I also have had a problem with vector butane. While refilling my lighters and pressing the can directly down on the refill valve, butane leaks out which is comming from the can itself (the part where the refill nozzle meets the can). I always purge my lighters before I fill them so I know that this is not the problem. It should be noted that I have tried two cans of butane with the same results from both. In the end the lighters get filled, but it seems as though a lot of butane is being wasted. I may try some xikar butane after these cans are out.

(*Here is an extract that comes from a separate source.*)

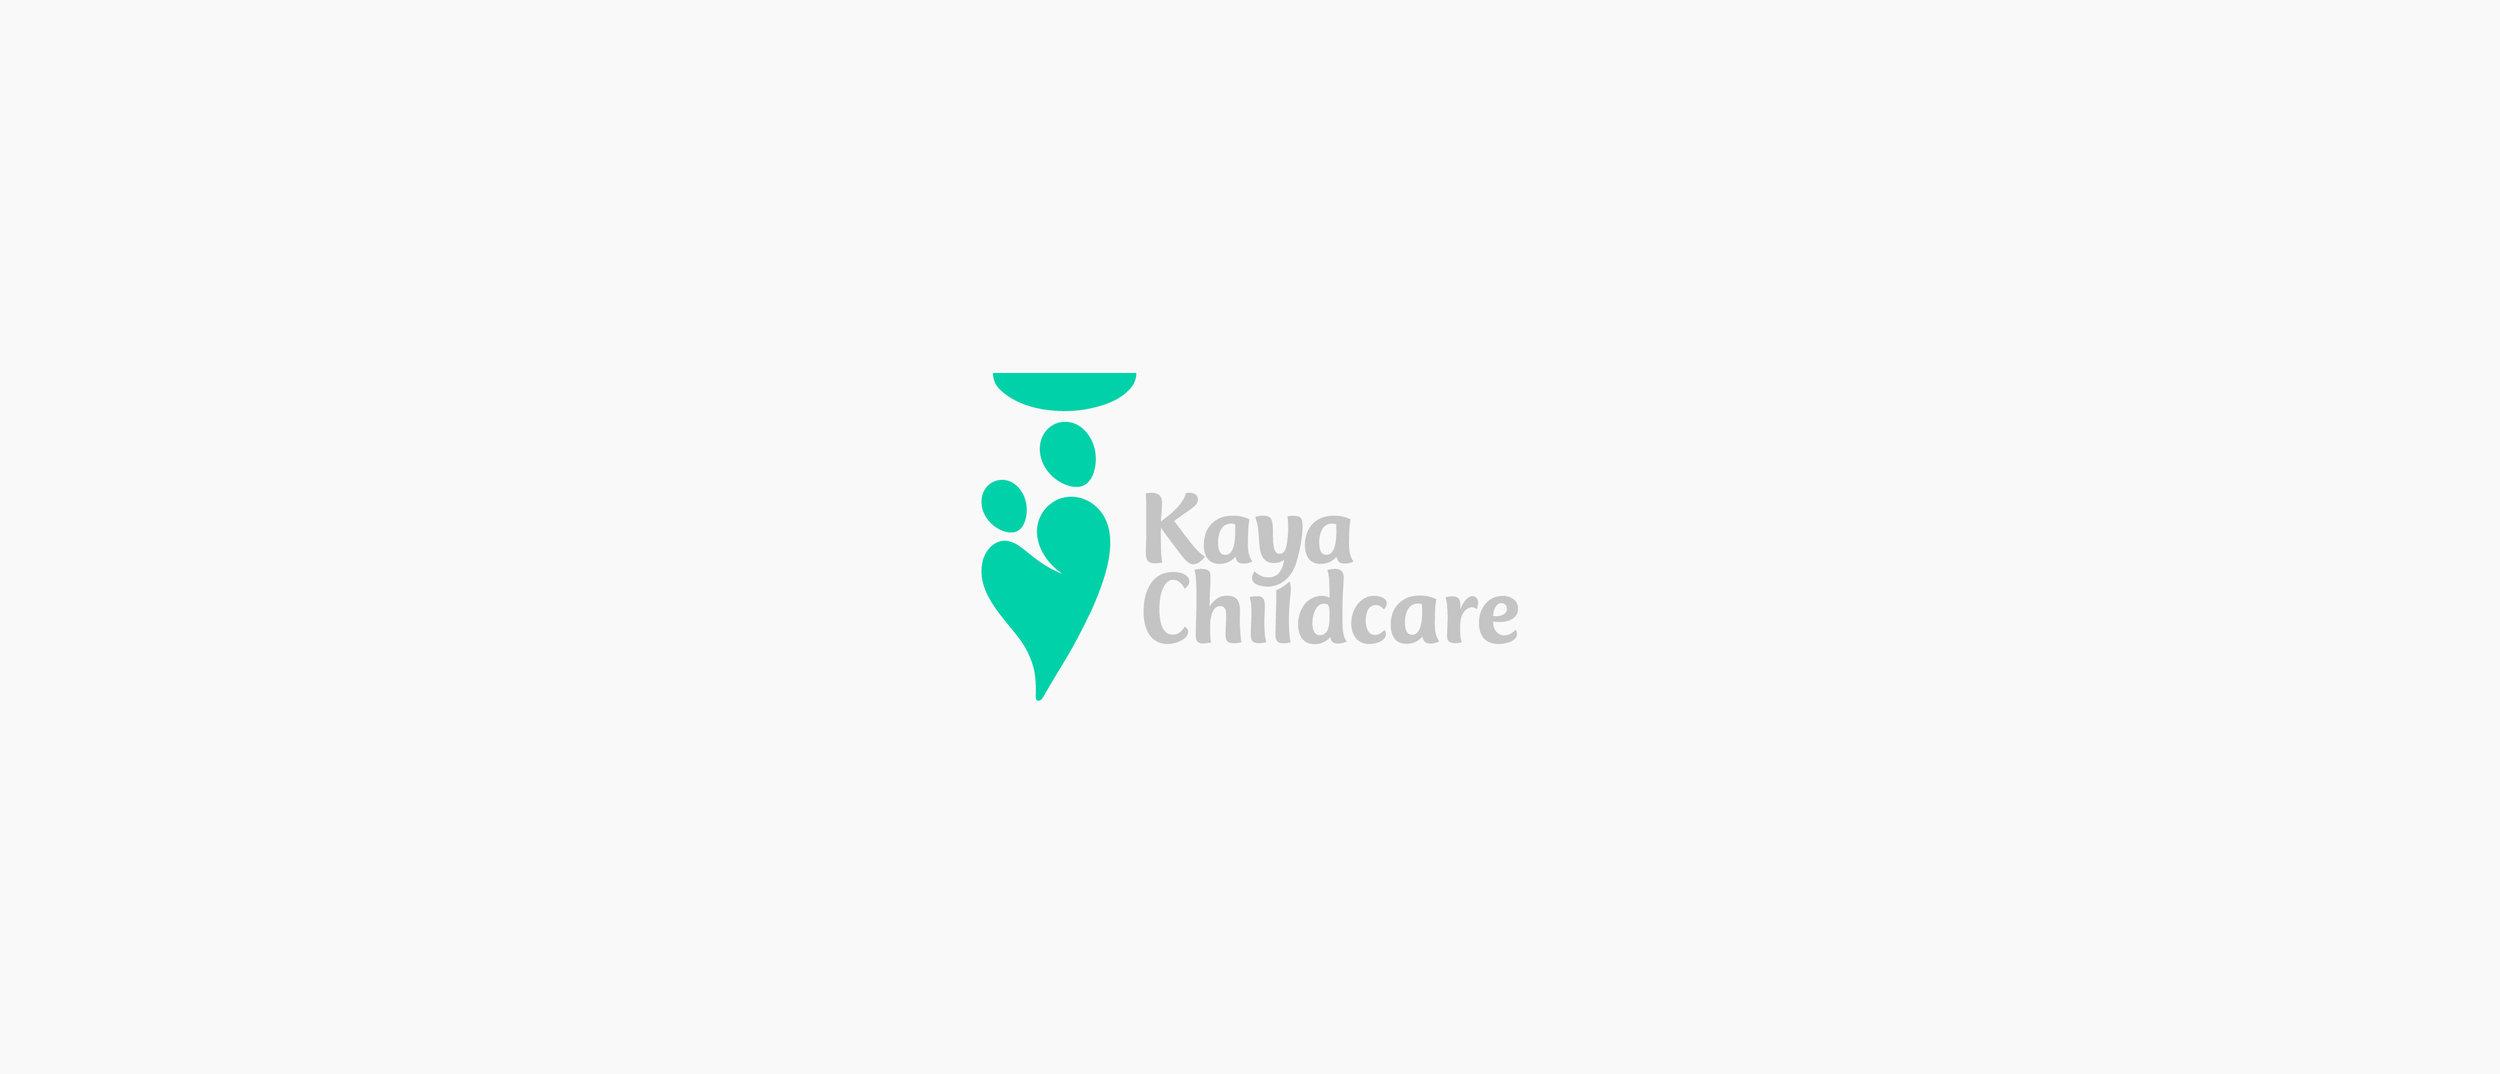 Kaya ChildCare | Toddler Day Care Center | 2016
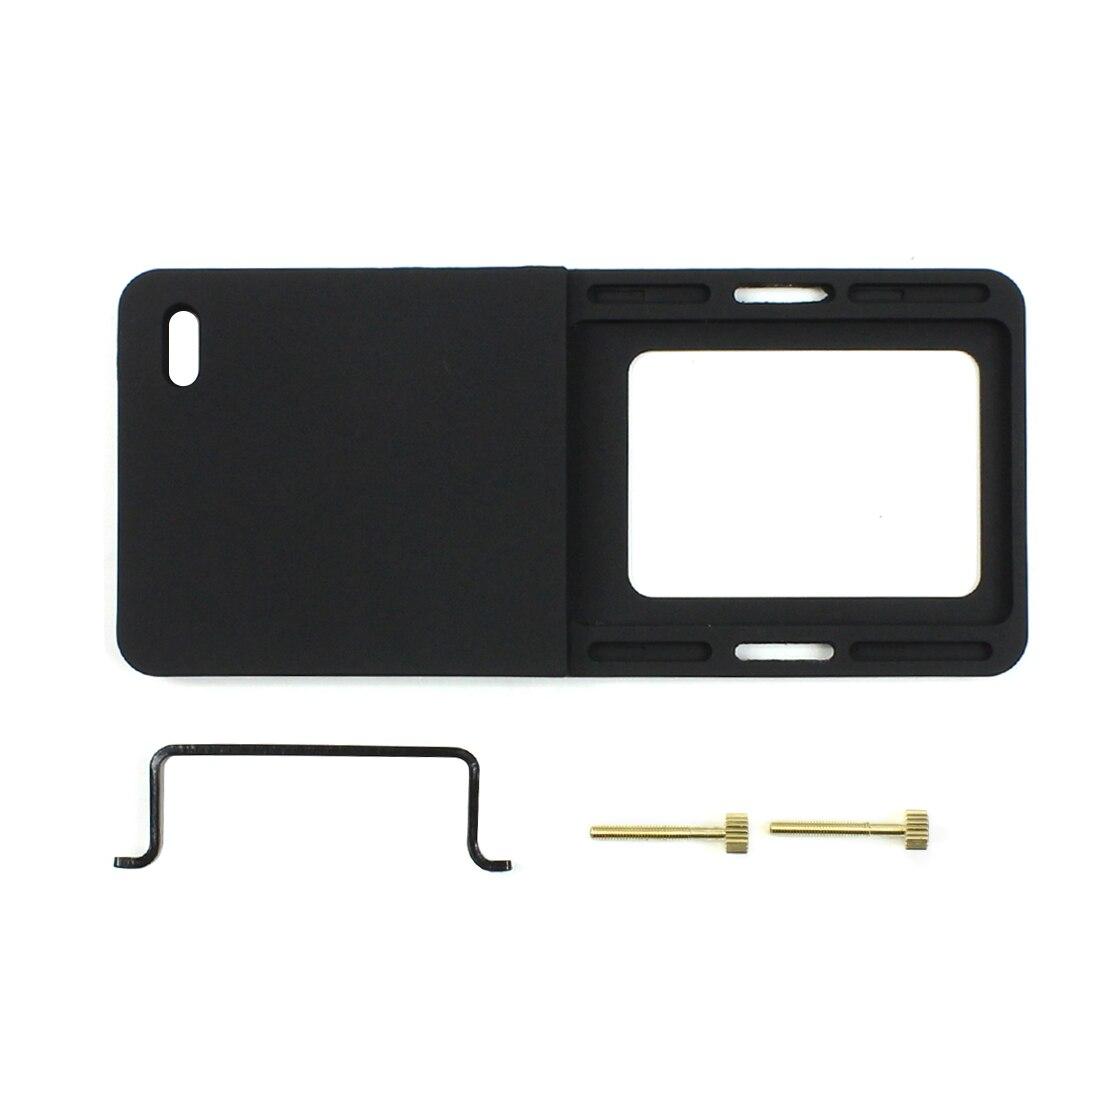 BGNING Handheld Gimbal Adapter Switch Mount Plate For GoPro Hero 7 6 5 3 3+ 4 Yi 4k Camera For DJI Osmo Zhiyun Smooth Q Mobile

To answer your question, I think that the size of the can is not the problem, but maybe the quality of the can itself such as the refill nozzle.


----------



## CraigJS (Dec 23, 2009)

Different lighters have different nozzles. Not all butane cans will fit perfectly nor will you filling procedure always provide a perfect seal. Some butane cans come with a plastic multi nozzle adapter just for that reason. Follow good proven practices (check out some earlier posts on this subject aprox. 1 week ago.). Use the best butane you can find etc. Good luck, you'll "Git er done".


----------



## Stubby (Dec 6, 2010)

The older Vector cans with the metal tip did that pretty bad. I haven't noticed it as much from the new Vector cans with a plastic tip though. The last shipment we got in the shop are all plastic now.


----------



## Engineer99 (Aug 4, 2011)

So you ended up getting the Vector Thundra eh? Sweet. 

My experience filling up butane lighters is limited; I have a 500ml can of Power 5x refined with a metal nozzle that I got from a local smoke shop that I've been using to fill my Cigar Savor single flame torch. These things fill up really fast as evidenced through the fuel window and I just sort of feel it out and can tell when the can stops filling it by sound and feel. I've never had a problem with blowback and am not sure if that is due to technique or the quality of build of the can of butane.


----------



## drb124 (Nov 11, 2011)

Yeah, the Thundra is awesome! I think I am gonna see if I can swap the attachment from the Xikar can to the Vector one, because I have no trouble with the xikar one.


----------